**Problem description:**
Your output must be the lines below from the line containing "Jersey de lana y cachemir" to the line containing "Кунсткамера ночью. Ольга", both lines included, reproduced exactly and without pictures.

**Supplied records:**
◆ ◆ ◆ ◆ ◆ ◆ ◆
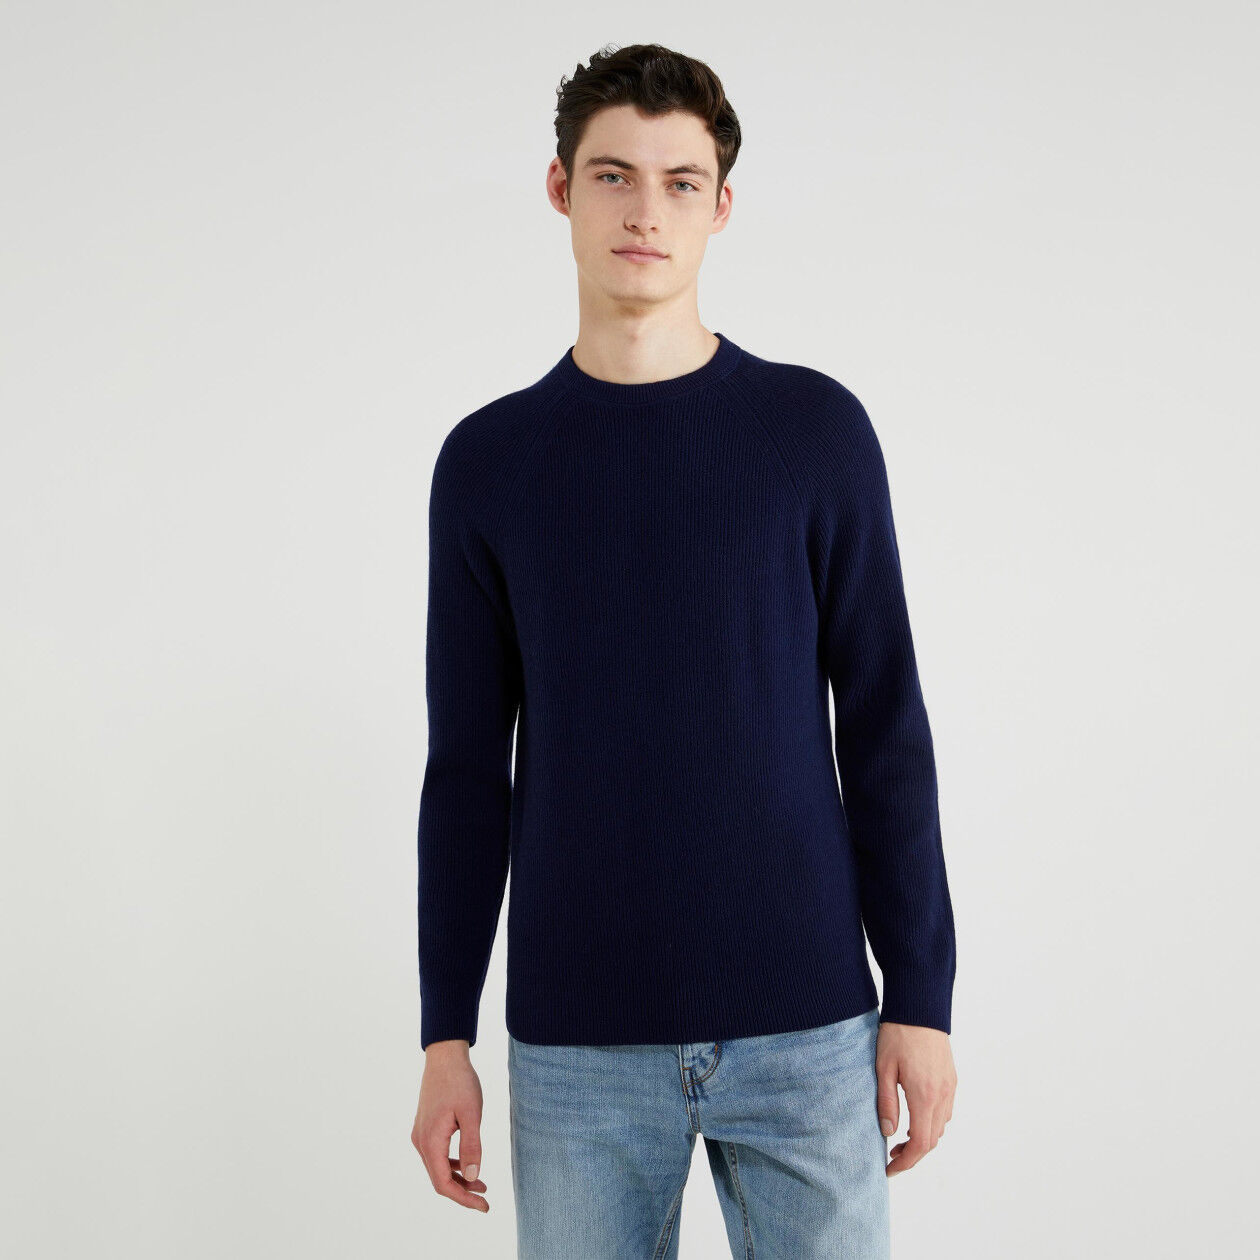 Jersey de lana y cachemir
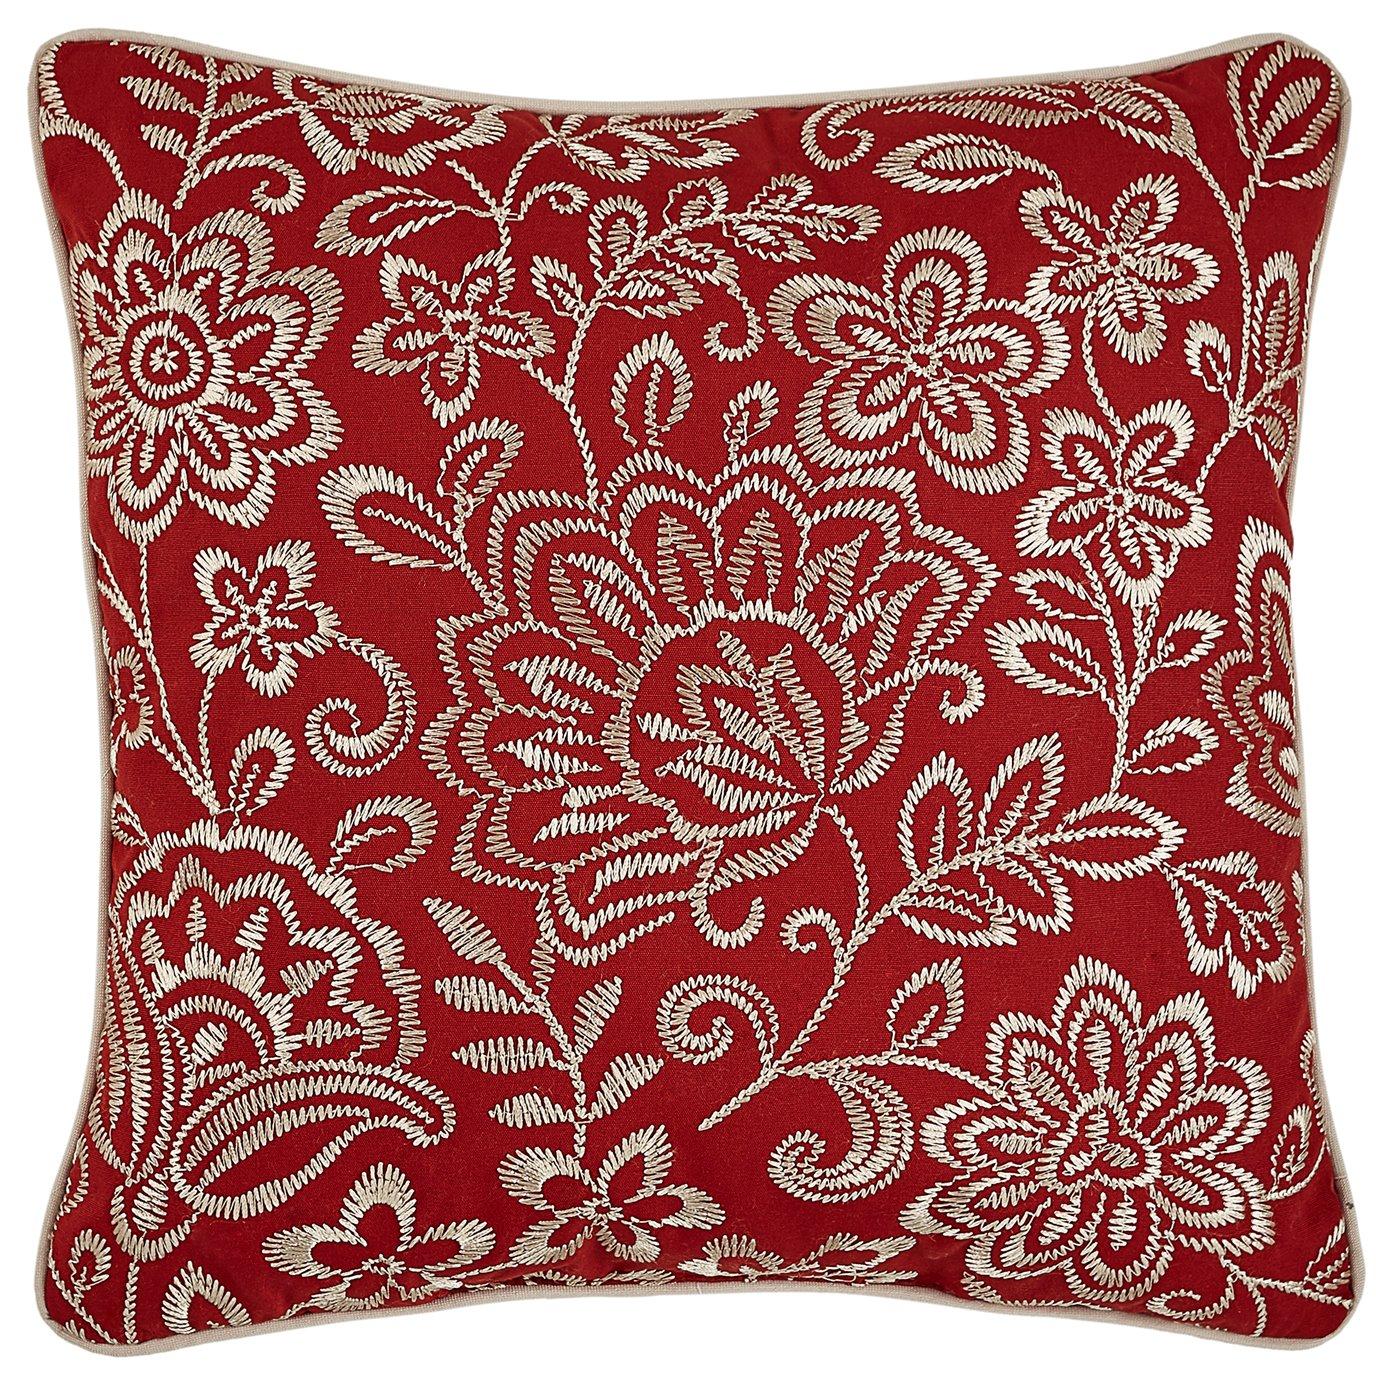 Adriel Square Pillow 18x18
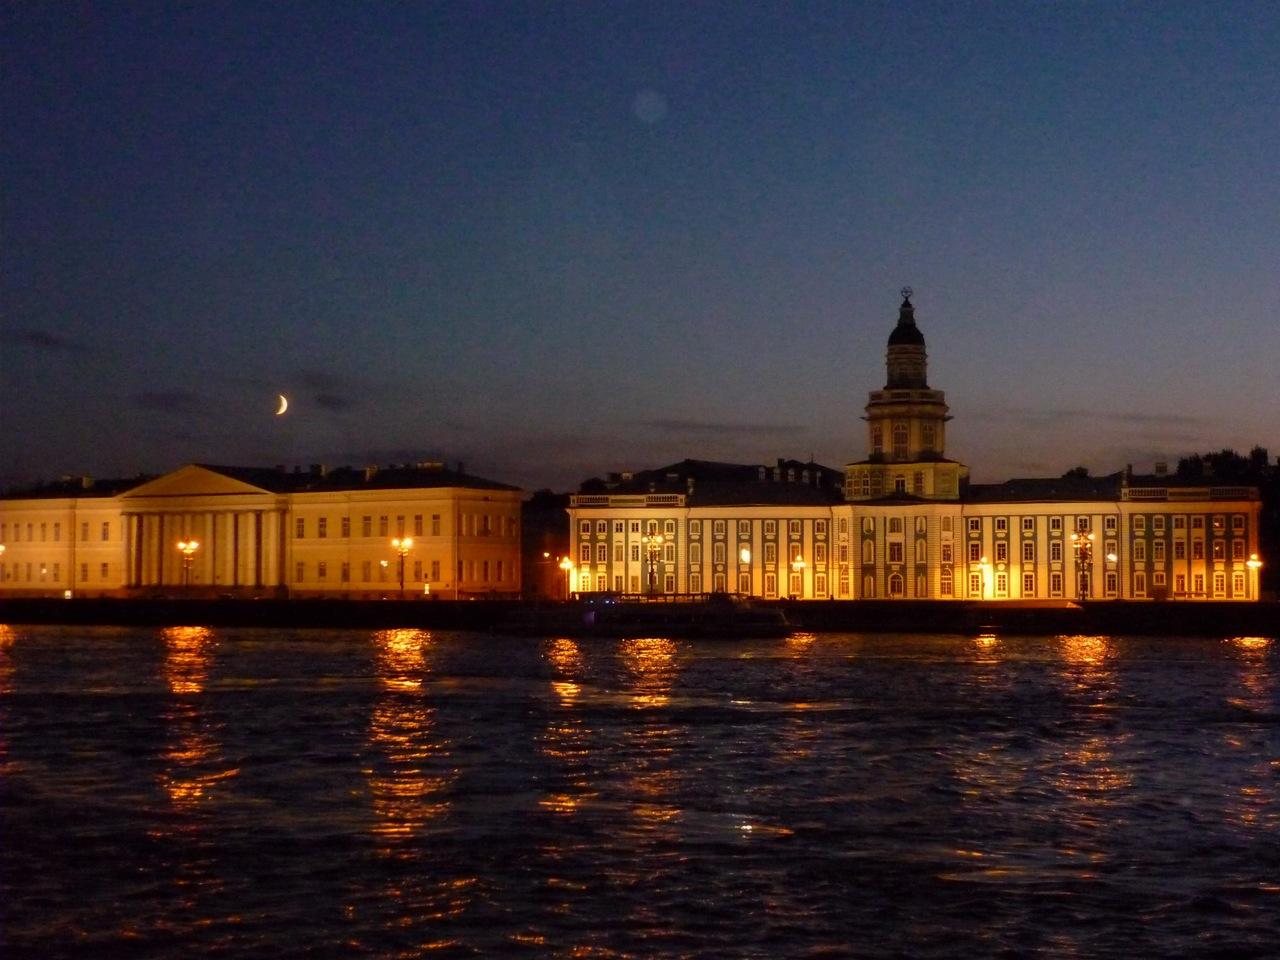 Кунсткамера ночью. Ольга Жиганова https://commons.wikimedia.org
◆ ◆ ◆ ◆ ◆ ◆ ◆
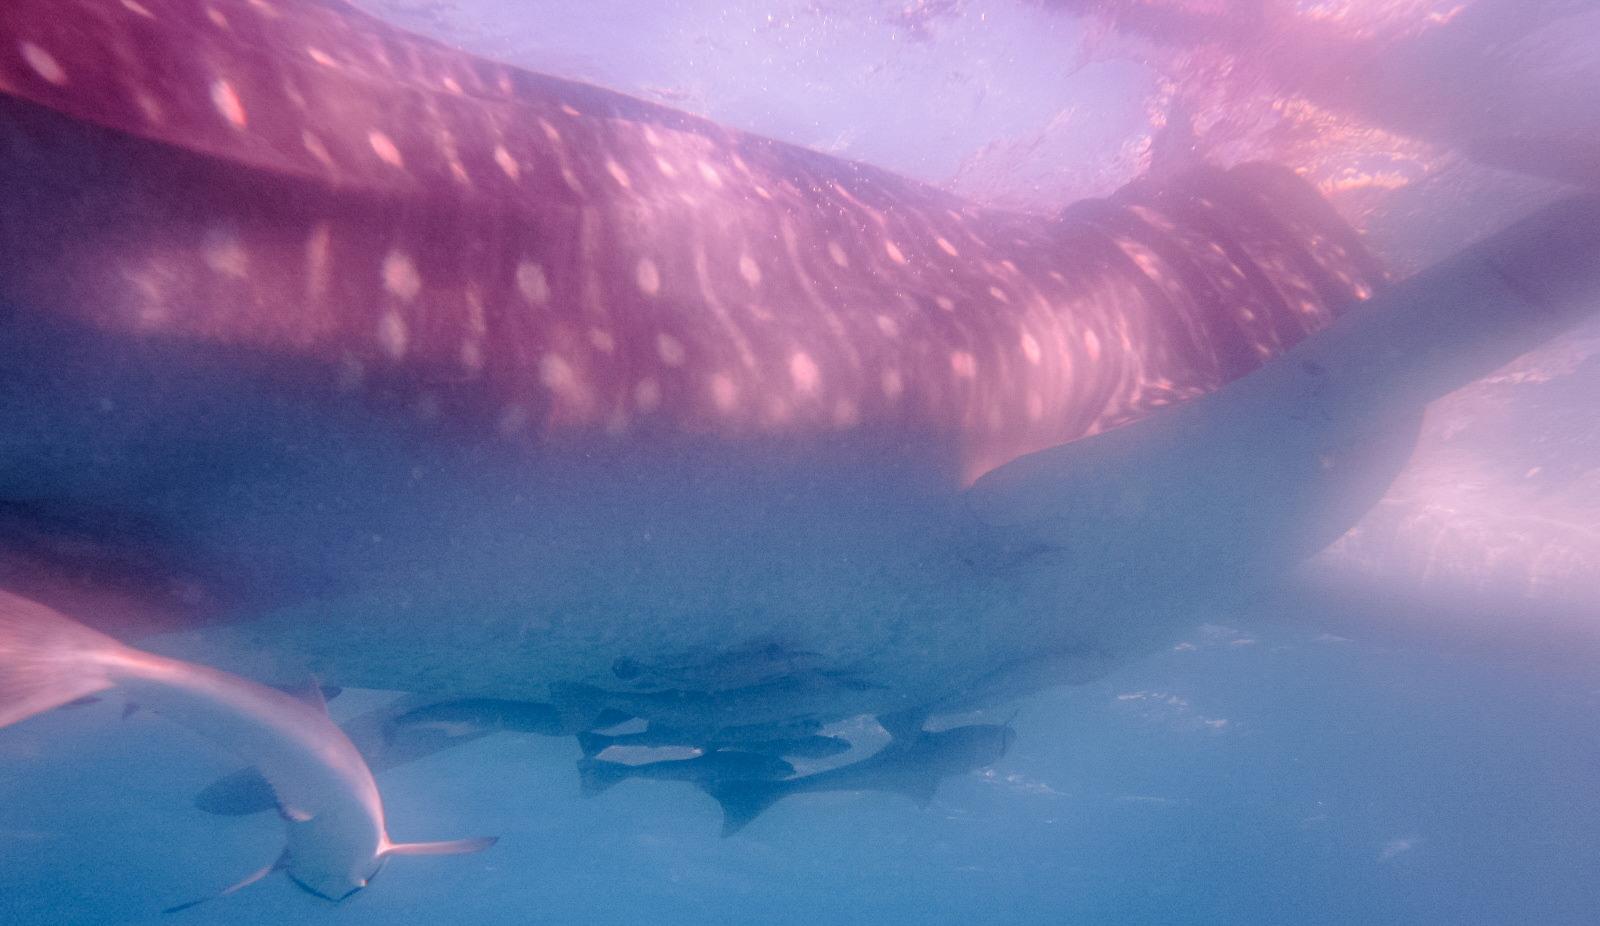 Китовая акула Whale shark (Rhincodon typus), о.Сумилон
◆ ◆ ◆ ◆ ◆ ◆ ◆
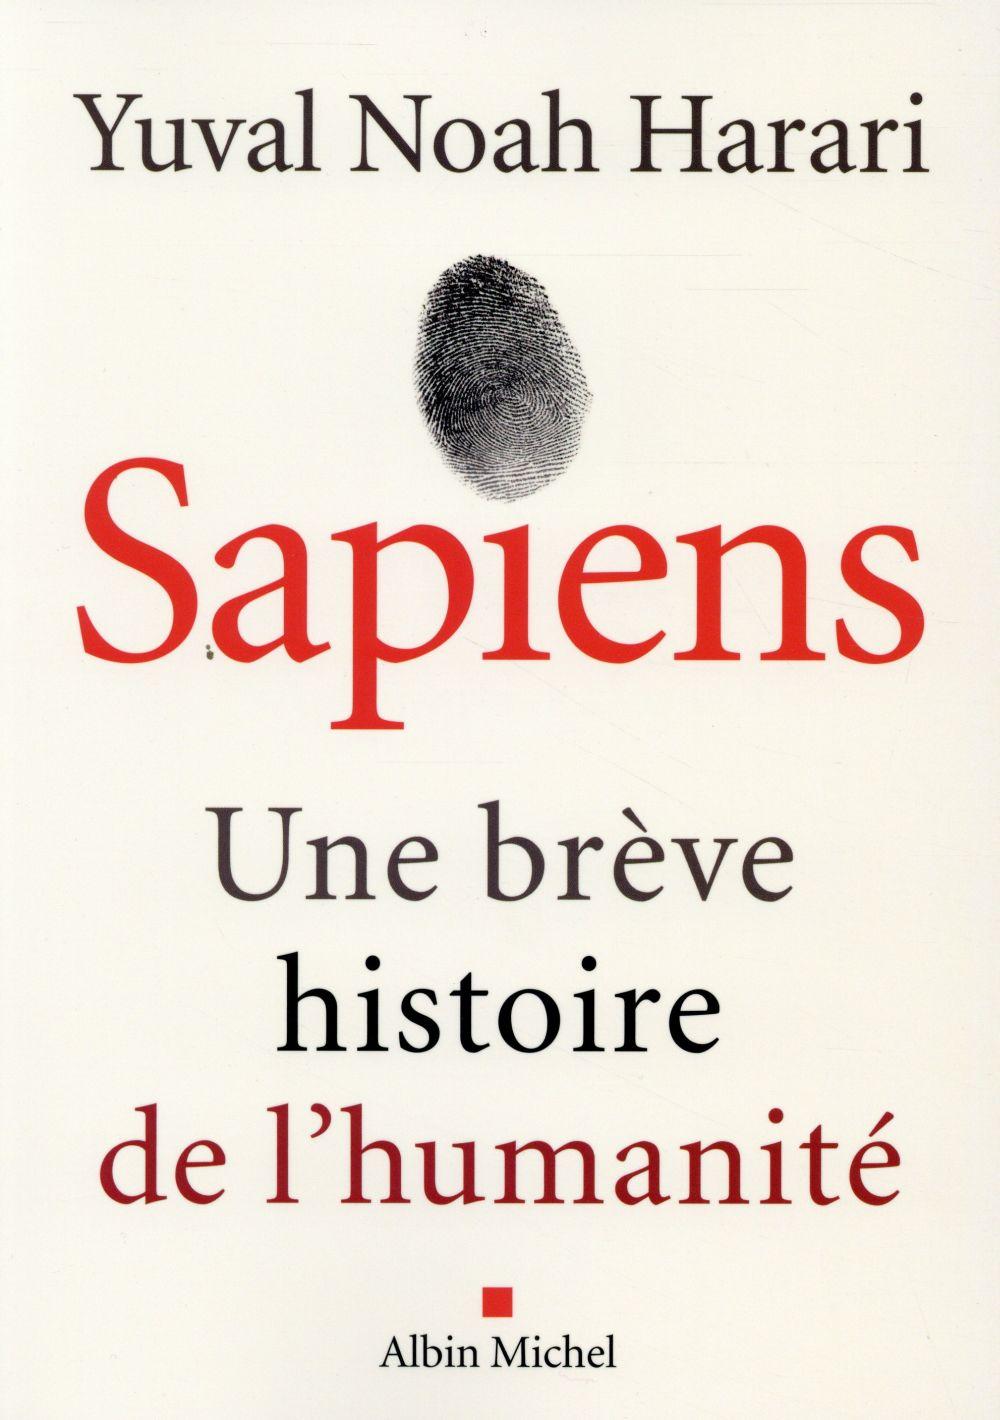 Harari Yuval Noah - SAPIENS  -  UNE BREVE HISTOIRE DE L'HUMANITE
◆ ◆ ◆ ◆ ◆ ◆ ◆
**Output of the exercise:**
 Jersey de lana y cachemir
 Adriel Square Pillow 18x18
 Кунсткамера ночью. Ольга Жиганова https://commons.wikimedia.org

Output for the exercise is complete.